“Fashion takes itself more seriously than I do,” said Deborah Turbeville in an interview with The New Yorker in 2011. “I’m not really a fashion photographer.” Turbeville, who was born in 1932, first entered the industry as an assistant and sample model to the fashion designer Claire McCardell before becoming a magazine editor—a job for which she had contempt. “I’d get a note from some senior fashion editor saying, ‘We find your arrival half an hour late for Bill Blass appalling,’” Turbeville explained in a 1993 interview. “I just stopped going.” When she was in her mid-thirties, she took a photography seminar with Richard Avedon and Marvin Israel, impressing her teachers with her strong point of view, despite her lack of skill or technique. It was here that she found her calling.
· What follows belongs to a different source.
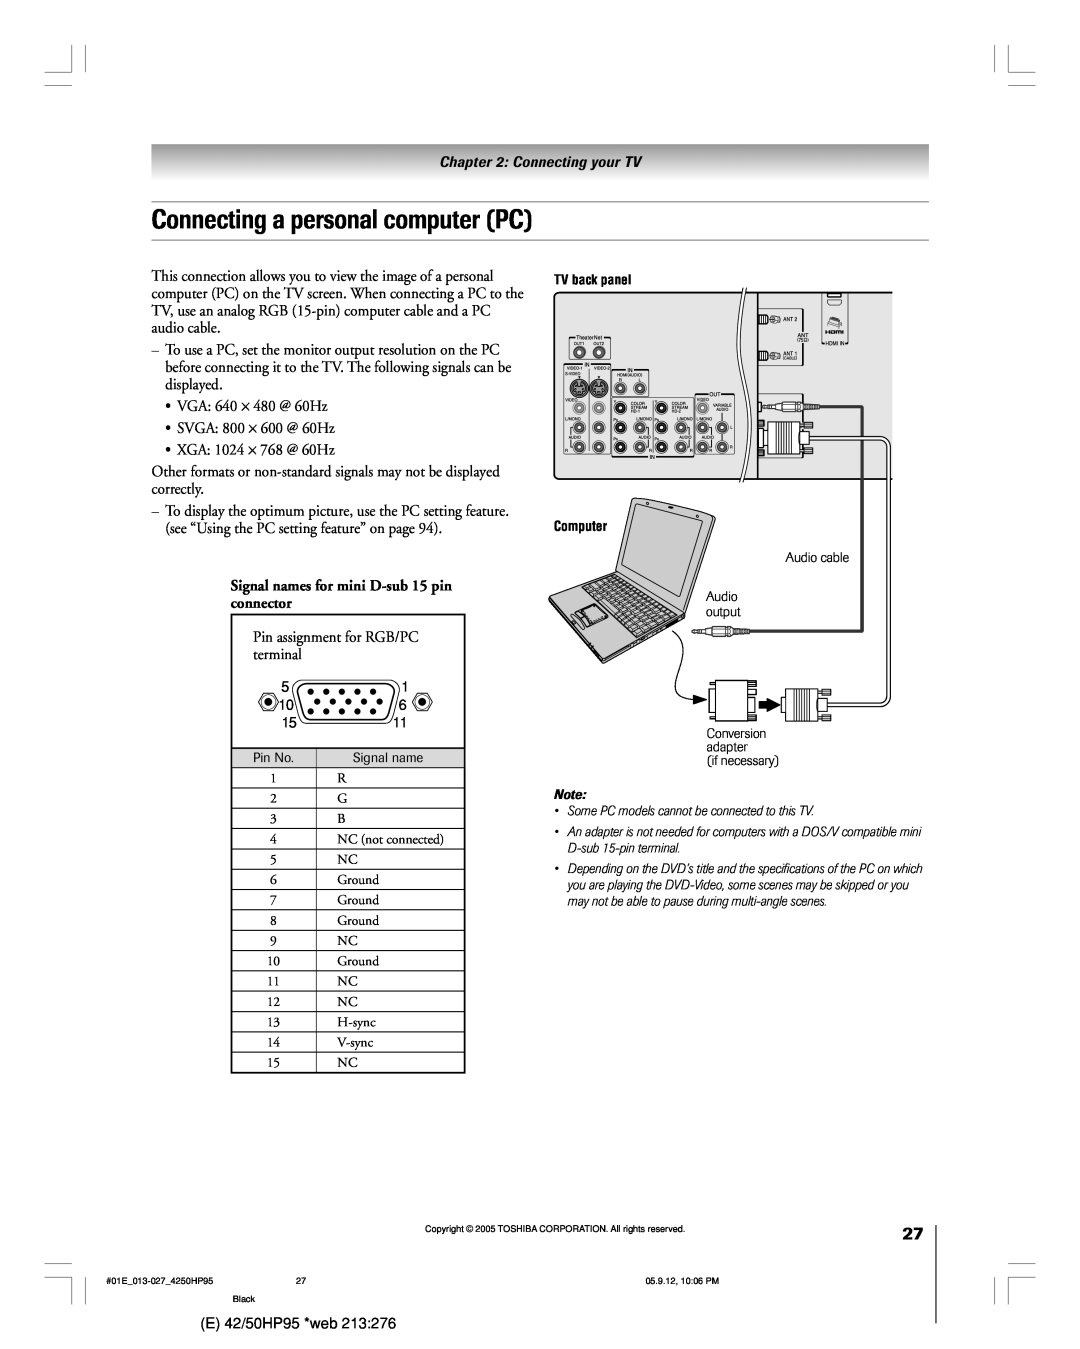 Toshiba 42HP95 owner manual Connecting a personal computer PC, Signal names for mini D-sub 15 pin connector

Turbeville’s vast body of work, which spans several decades and was published in the pages of various fashion magazines and books, as well as exhibited in museums and galleries across the world, is known for its darkness and mystery. Lanky models with haunted eyes stand despairingly in abandoned settings. Beauty was, in Turbeville’s imagination, not just bright and happy but melancholic and brimming with travesty. She was fond of distorting the images, playing with the developing process to create an artificial patina of time, and distressing the prints with tears, folds, and scratches. Photographs she took just two decades ago look as if they were from another century, unearthed in a Paris flea market.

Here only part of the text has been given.